The two also stressed the importance about learning about Israel. “Americans need to know and be aware of what’s going on in other countries. We take things for granted,” said Katherine. “I do feel this [Israel] is my homeland. And I want to learn more about Israelis, and their life; I want an annual trip here,” she told JNS.

She added that she would like “to get more involved and look for Jewish events” once home. And while Katherine had never heard the word “Shabbat” before the trip, she said she would consider keeping the weekly Jewish holiday if she were in Israel. The dancing-centered Shabbat that the group had at the Western Wall in Jerusalem made Katherine want “to go to synagogue to meet people [back home].”

She told JNS: “This trip is so not what I expected; it’s so much better. I saw it as a free trip—like I’m going to go to Israel and see what they show, but I didn’t expect to be interested in Jewish practice. That’s really changed. I’ve fallen in love with this country, this people, and I’m intrigued by religion and will follow up with the speakers. Now I see really what this trip is about. It’s about finding yourself and your identity. We are Jewish, that is who we are. It’s in our blood and our genes.”

Katherine concluded, “I realize how lucky I am. I’m going to change my life. I’m going to be a better person and educate others about Israel. People are so wrong about it just being dangerous.”

Natalie, who adopted a new Jewish name on the trip, Netta, also reported feeling “changed,” saying she rarely gets this passionate. She described feeling accepted in Judaism, “becoming a part of something bigger,” and “loving the outlook of being a good Jew” as being a good, humble person. “Judaism always takes something negative and turns it into positive. If that’s what Jewish is, then I’m more Jewish,” she said.

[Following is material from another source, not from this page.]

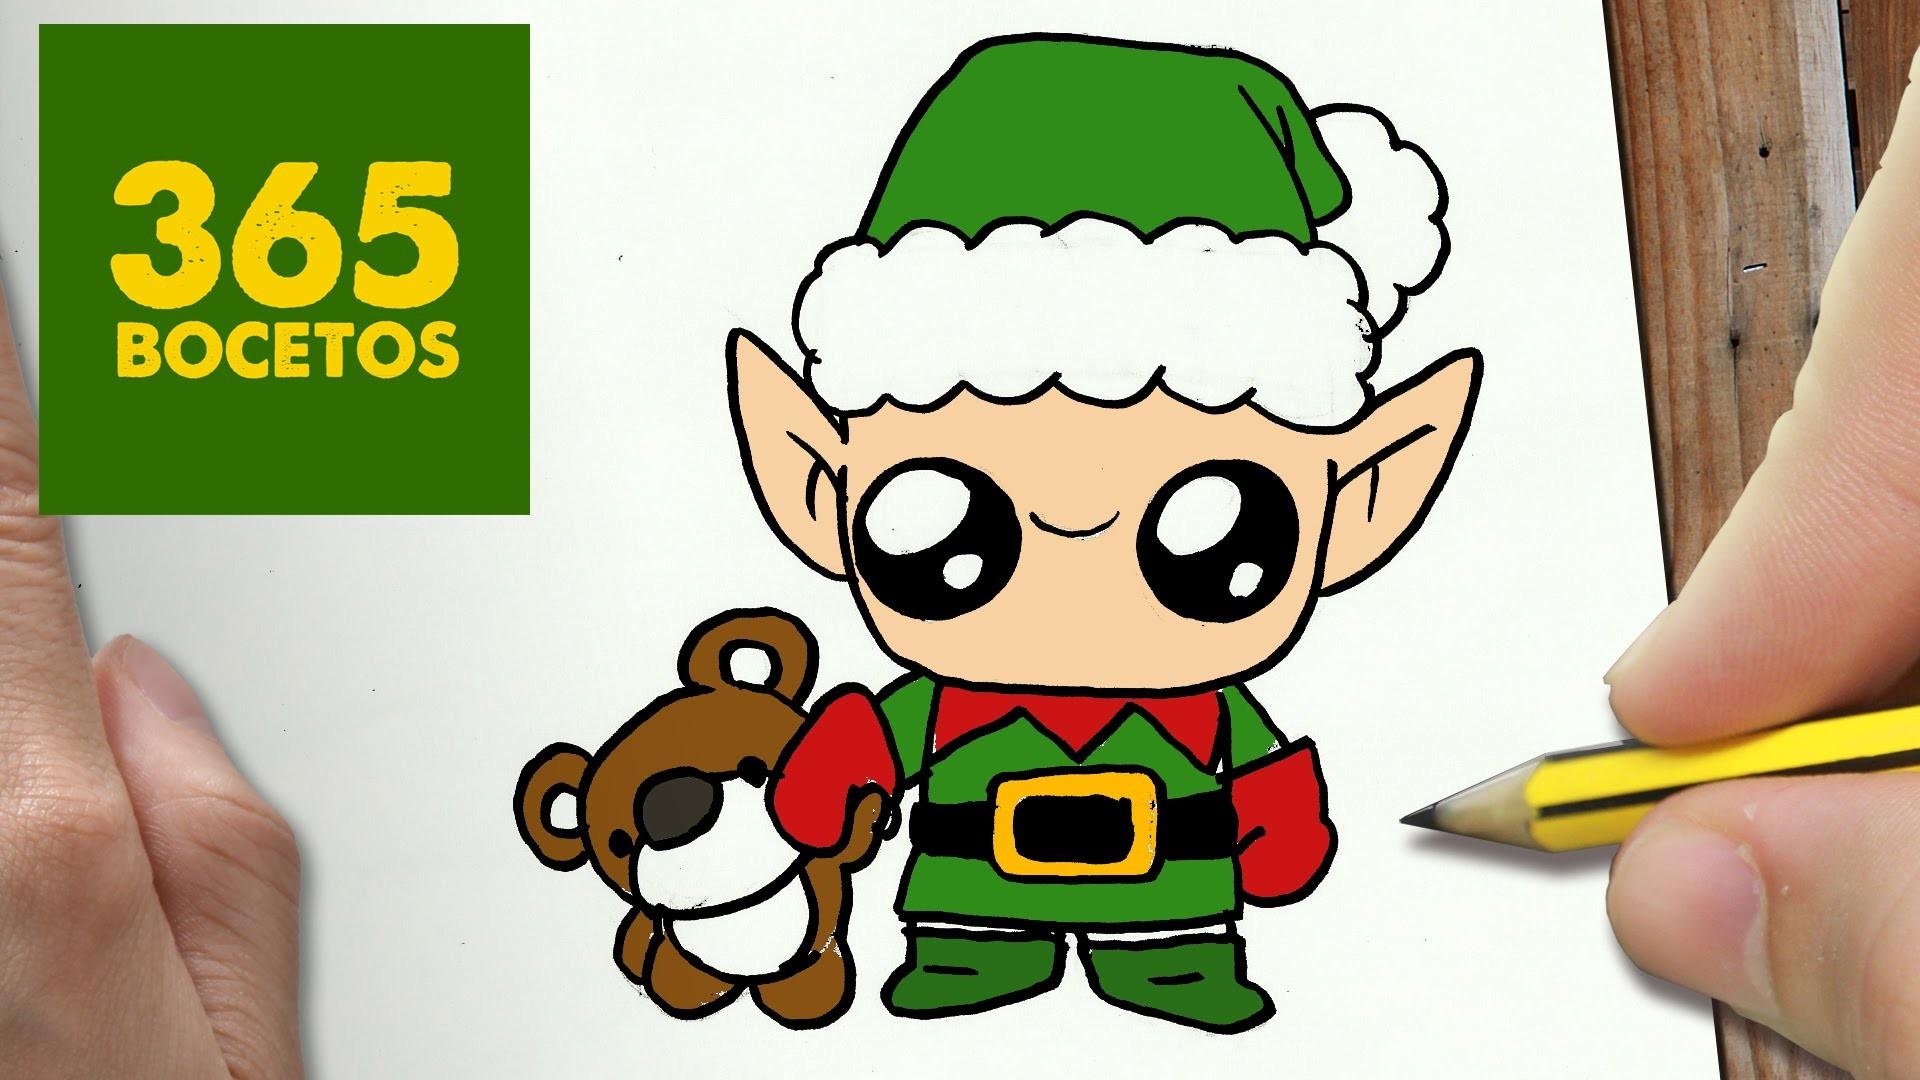 COMO DIBUJAR UN ELFO PARA NAVIDAD PASO A PASO: Dibujos kawaii navideños - How to draw a Elfa

She added that the more she knows about Israel, the closer she feels “to the religion and the Jewish people. Learning what we’ve been through, where we came from; it’s pulled it all together for me.”

The 26-year-old reported “feeling like a different person” who plans to “make better life changes and connect with more mature people” after the trip. “I feel different here, I feel connected. I feel even more connection because it’s by choice. I can’t express my gratitude towards the program; it’s changed my entire view.”